Era lì che mi fissava e niente più.
Cresciuto, più alto, capelli sempre corvini ma corti, trucco a go-go e una varietà di piercing che non mi erano familiari: sembrava che il tempo per lui non fosse passato, tranne che per un leggero aumento della massa muscolare che ricordava vagamente la sua reale età.
Non sapevo come spiegare quel momento perché in realtà non penso c'era nulla da spiegare e mentre focalizzavo una fiamma nel camino Tom fece volutamente un colpetto di tosse e ci fece tornare tutti coi piedi per terra.
- Magari, sempre se vuoi, potresti venirmi a salutare come si deve Kim. - aprì le braccia e vedendolo sorridere con quei due occhioni, come potevo resistere a quella faccia sorniona?
Corsi verso di lui lanciando la borsa sulla poltrona lisciando Bill che si spostò giusto un attimo prima dell'impatto e abbracciai Tom calorosamente quasi cadendo.
Anche lui era cambiato molto: aveva lasciato i lunghi dread per fare spazio a delle trecce spesse che gli ricadevano sulle spalle fino al petto, lo rendevano molto attraente e gli stavano davvero bene.
- E queste? - chiesi prendendone in mano una.
- Diciamo che ci sono state delle novità dall'ultima volta che ci siamo visti... - si giustificò ridendo.
Mi fiondai sul suo collo e lo abbracciai forte, lui ricambiò l'abbraccio nella stessa maniera: dopotutto ero stata la loro vicina di casa e insieme ne avevamo fatte di cotte e di crude.
Adoravo i gemelli, erano dei fratelli acquisiti e nessuno doveva provare a toccarmeli specialmente a scuola!
Forse tutto questo si era rovinato proprio per colpa mia e di Bill, forse non avremmo dovuto mai metterci insieme. Ma quello che era stato, era stato e siamo andati avanti non curandoci troppo del passato che avrebbe condizionato le nostre vite fin troppo profondamente.
- Ops, scusatemi. – mi ricordai improvvisamente. - Devo fare le presentazioni. - mi staccai dall'abbraccio girando intorno al divano e passando davanti a Bill senza degnarlo di uno sguardo per raggiungere Kate che tutto ad un tratto era diventata un po' timida.
- Lei è Kate, la mia migliore amica e loro come ben sai sono Tom... – che la salutò con un gesto della mano. - E... Bill. - che rispose al saluto facendo lo stesso gesto del fratello senza metterci troppa enfasi.

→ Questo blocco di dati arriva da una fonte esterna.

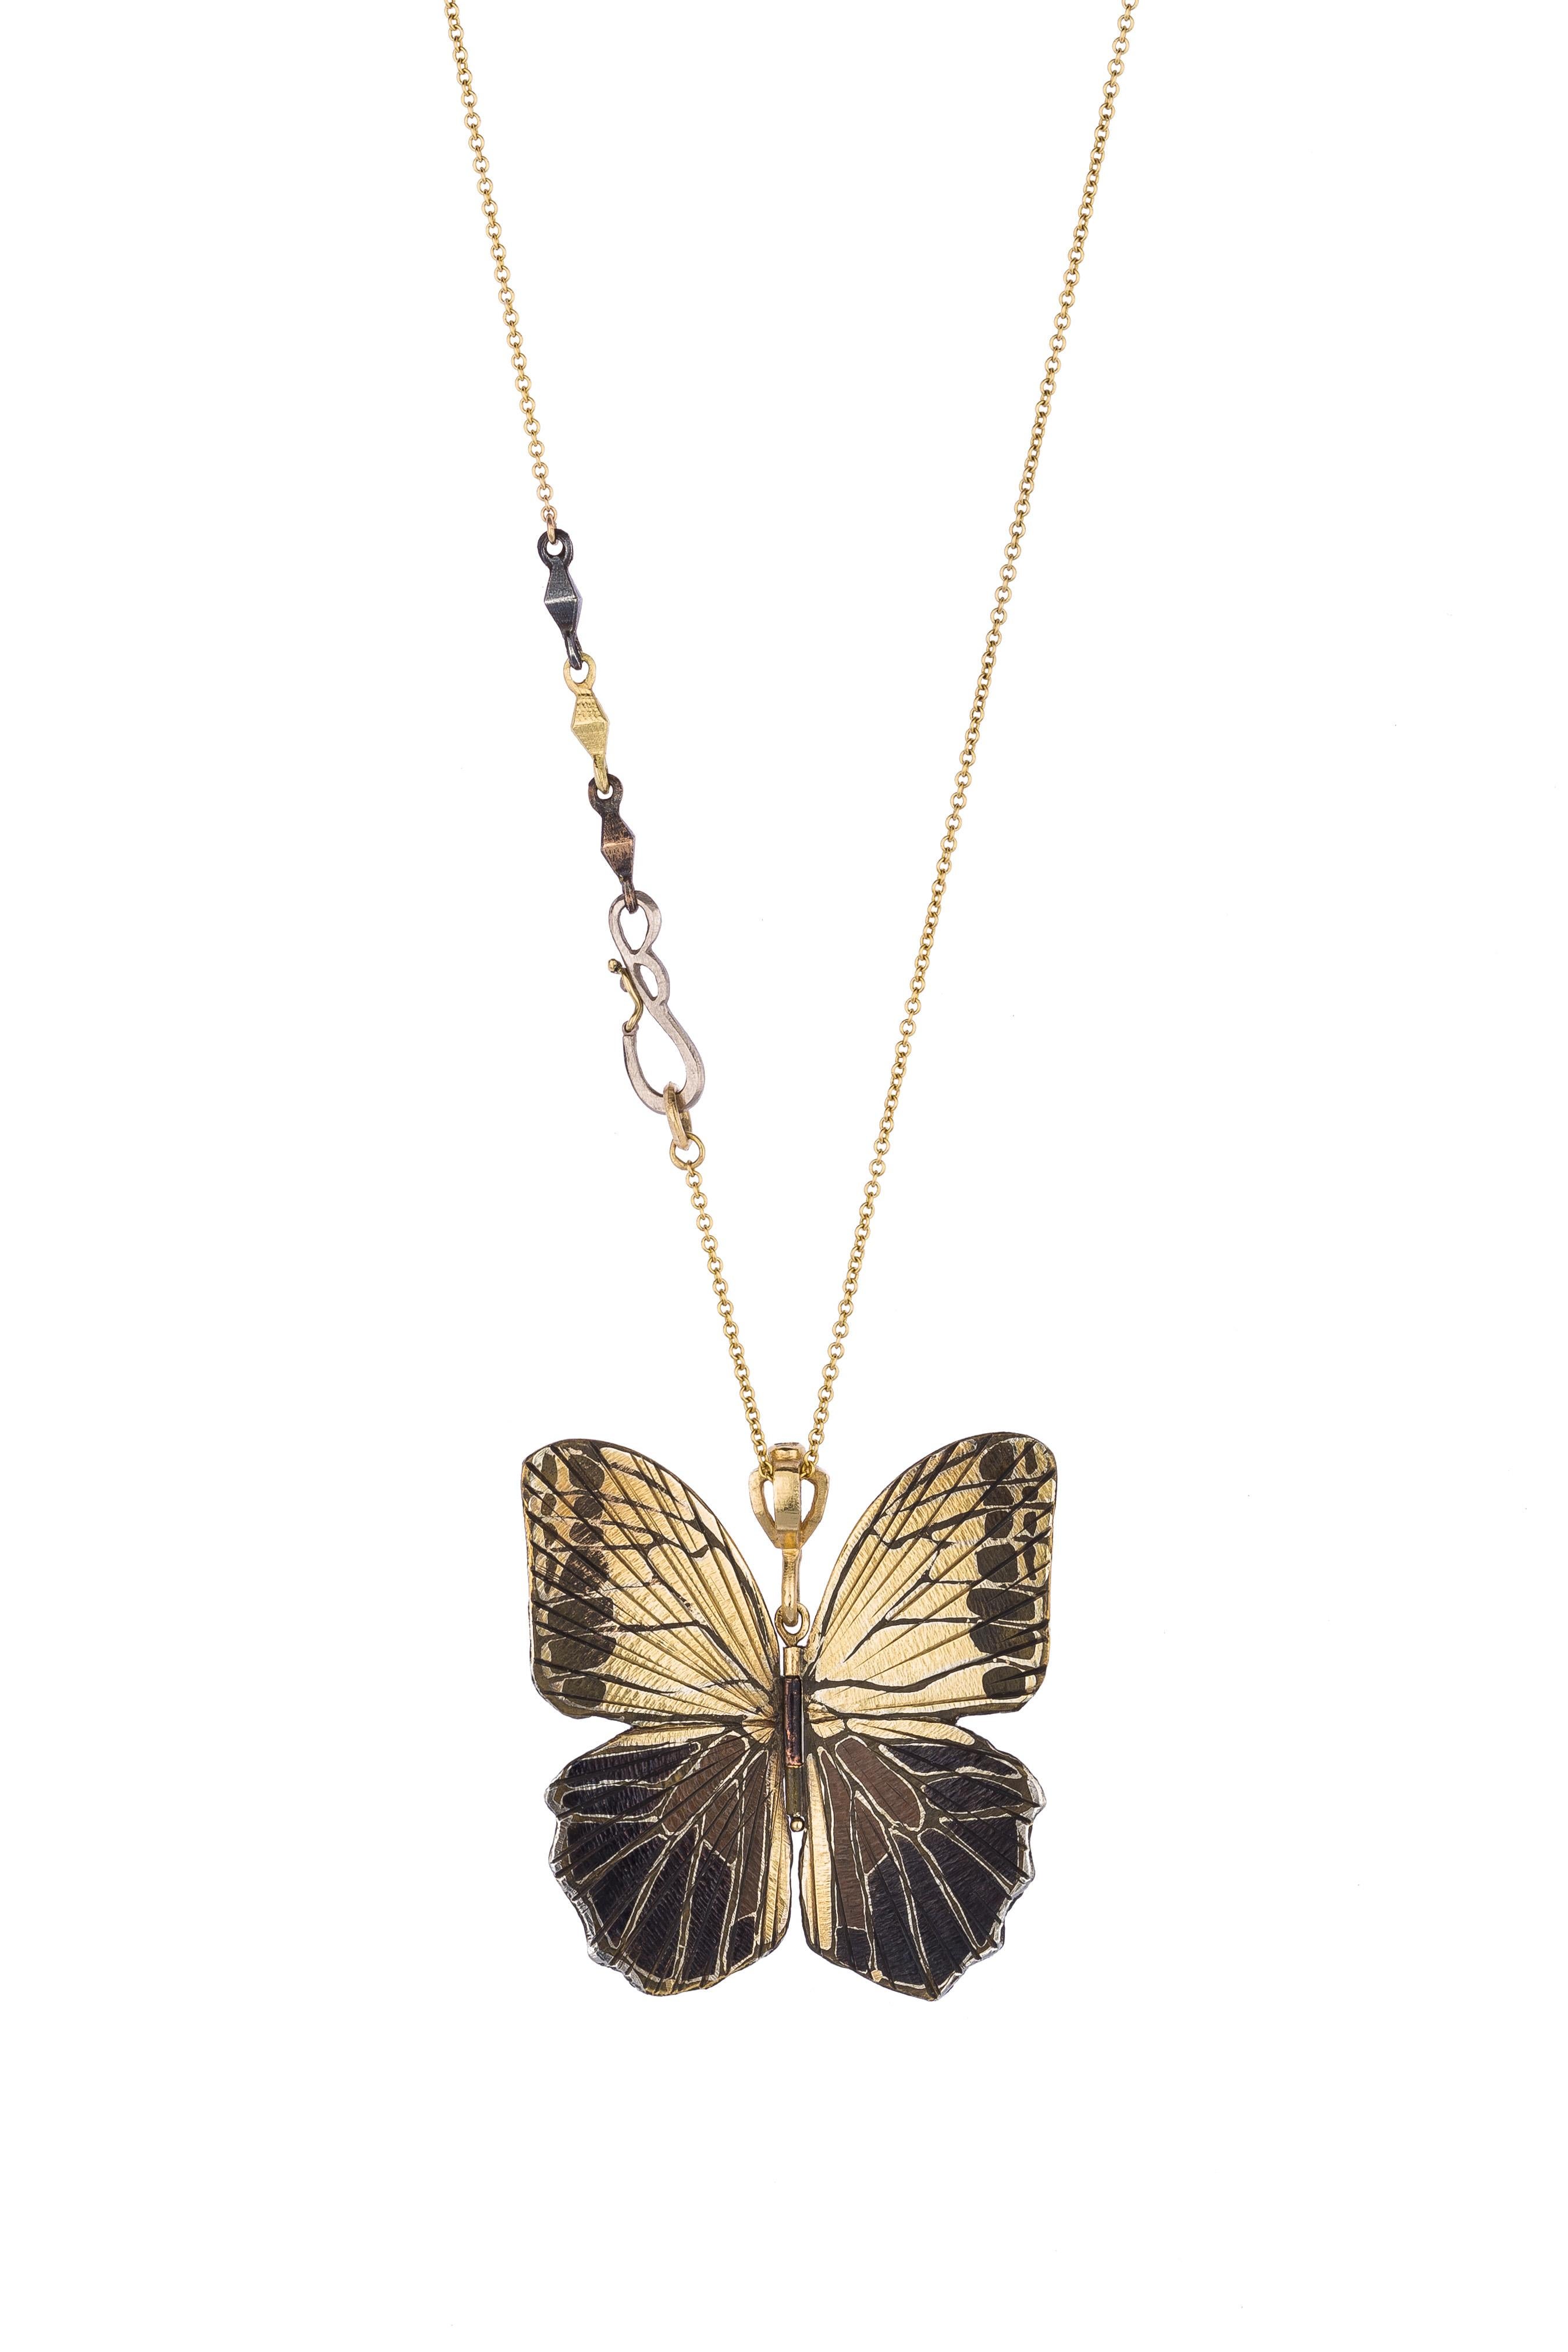 James Banks's signature butterfly necklace features a Large Owl Butterfly with a hinge at the center to allow movement of the wings, set in 18k Yellow Gold with Shakudo and Platinum, 18k White Gold, 14k Rose Gold, Sterling Silver, and Copper Inlay,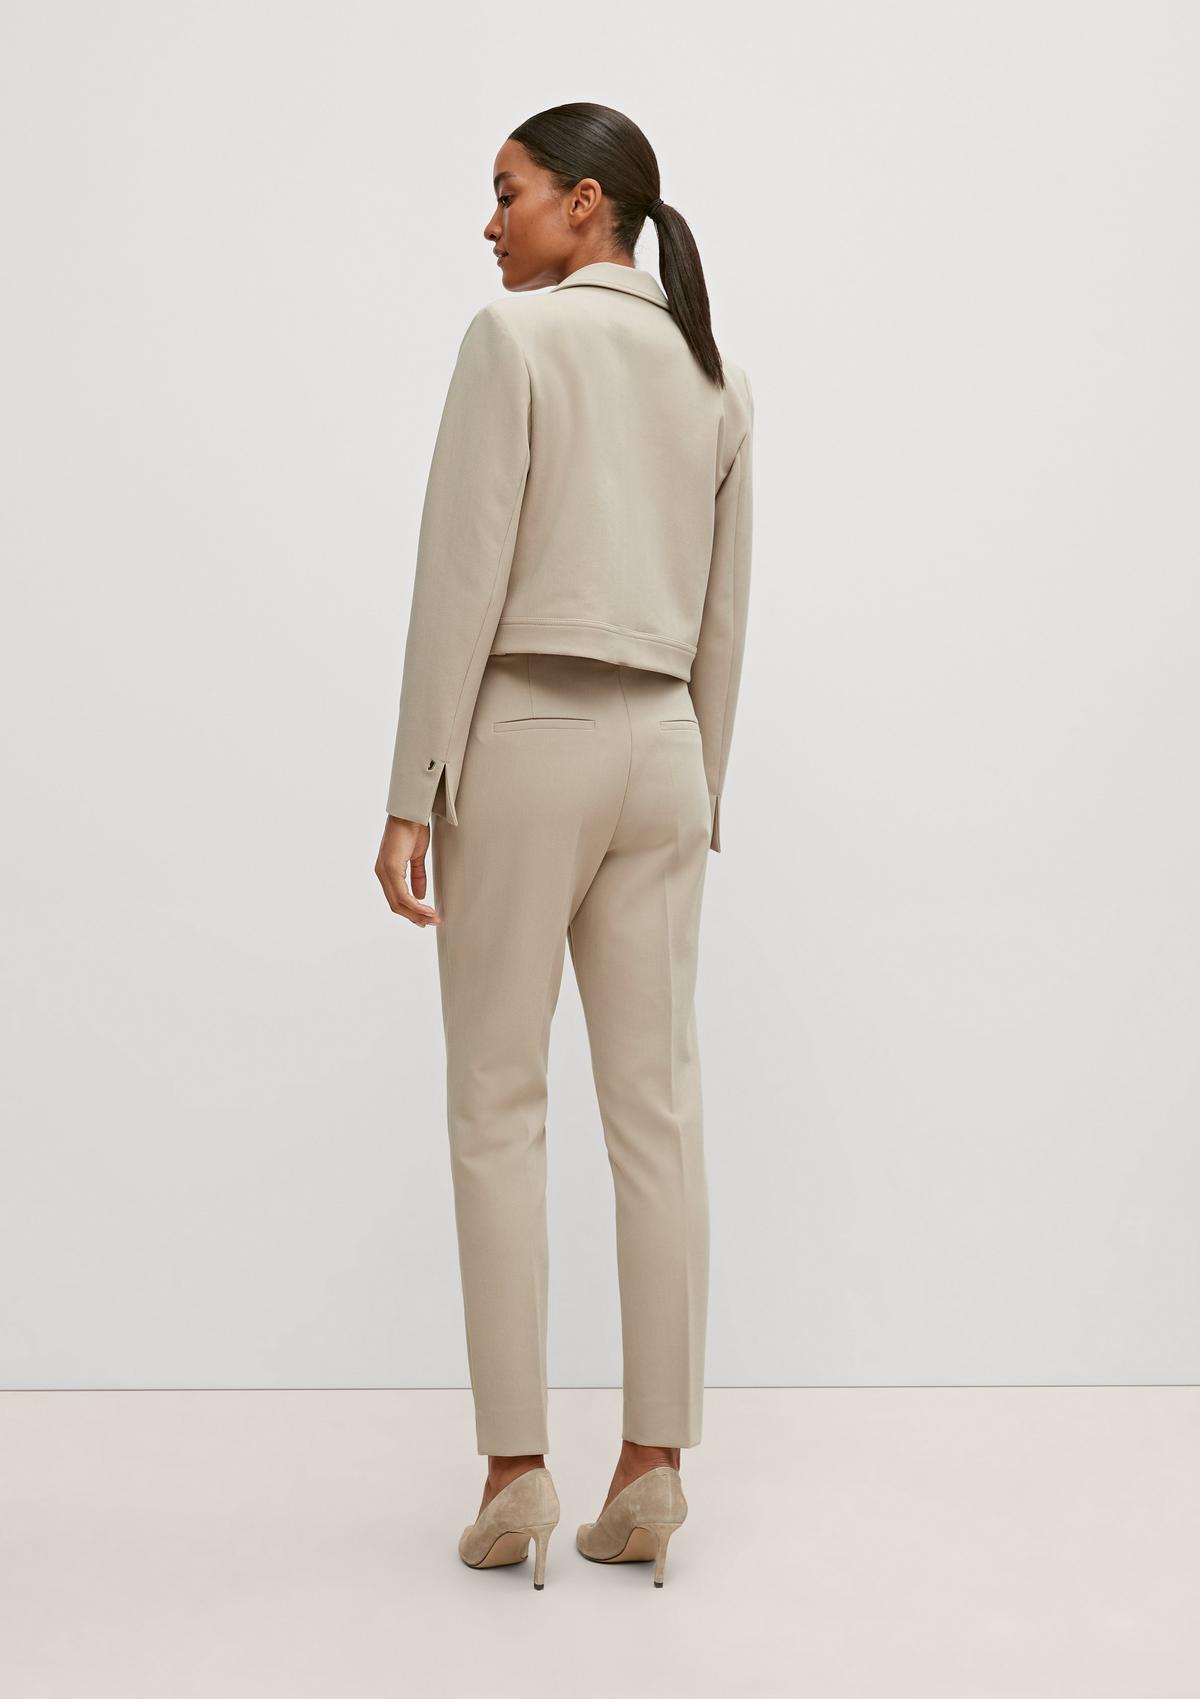 Trouser suits – stylish and elegant

- Ciao Kate, piacere di conoscerti. - disse Tom da in fondo la stanza squadrandola per pochi secondi. Quei secondi che sapevo bene gli servivano per “analizzare” una ragazza e, a parer mio, sembrava annuire sorridendo soddisfatto.
- Piacere mio ragazzi. - e sorrise mettendo in mostra la sua dentatura bianca come la neve che scendeva fuori la finestra. Poi si rivolse verso di me e gesticolando, come era suo solito fare, si offrì di cominciare a sistemare la mia stanza che sarebbe diventata la loro.
- Si vai, adesso arrivo. Grazie mille Kate ti devo più di un favore. -
- Non ti preoccupare Kim, capisco la situazione. - detto ciò guardò di sfuggita Bill che ricambiò lo sguardo alzando impercettibilmente un sopracciglio. Lei, vedendolo, arrossì leggermente e distolse lo sguardo da quegli occhi che sapevo benissimo come riuscivano ad ipnotizzarti in maniera tanto rapida e veloce, quasi come il morso fulmineo di un serpente. - Ehm... vado allora, ti aspetto dillà. -
- Ok, due minuti e sono da te. - lanciò un ultima occhiata veloce al salone, questa volta evitando Bill e puntando Tom che le sorrise beffardo.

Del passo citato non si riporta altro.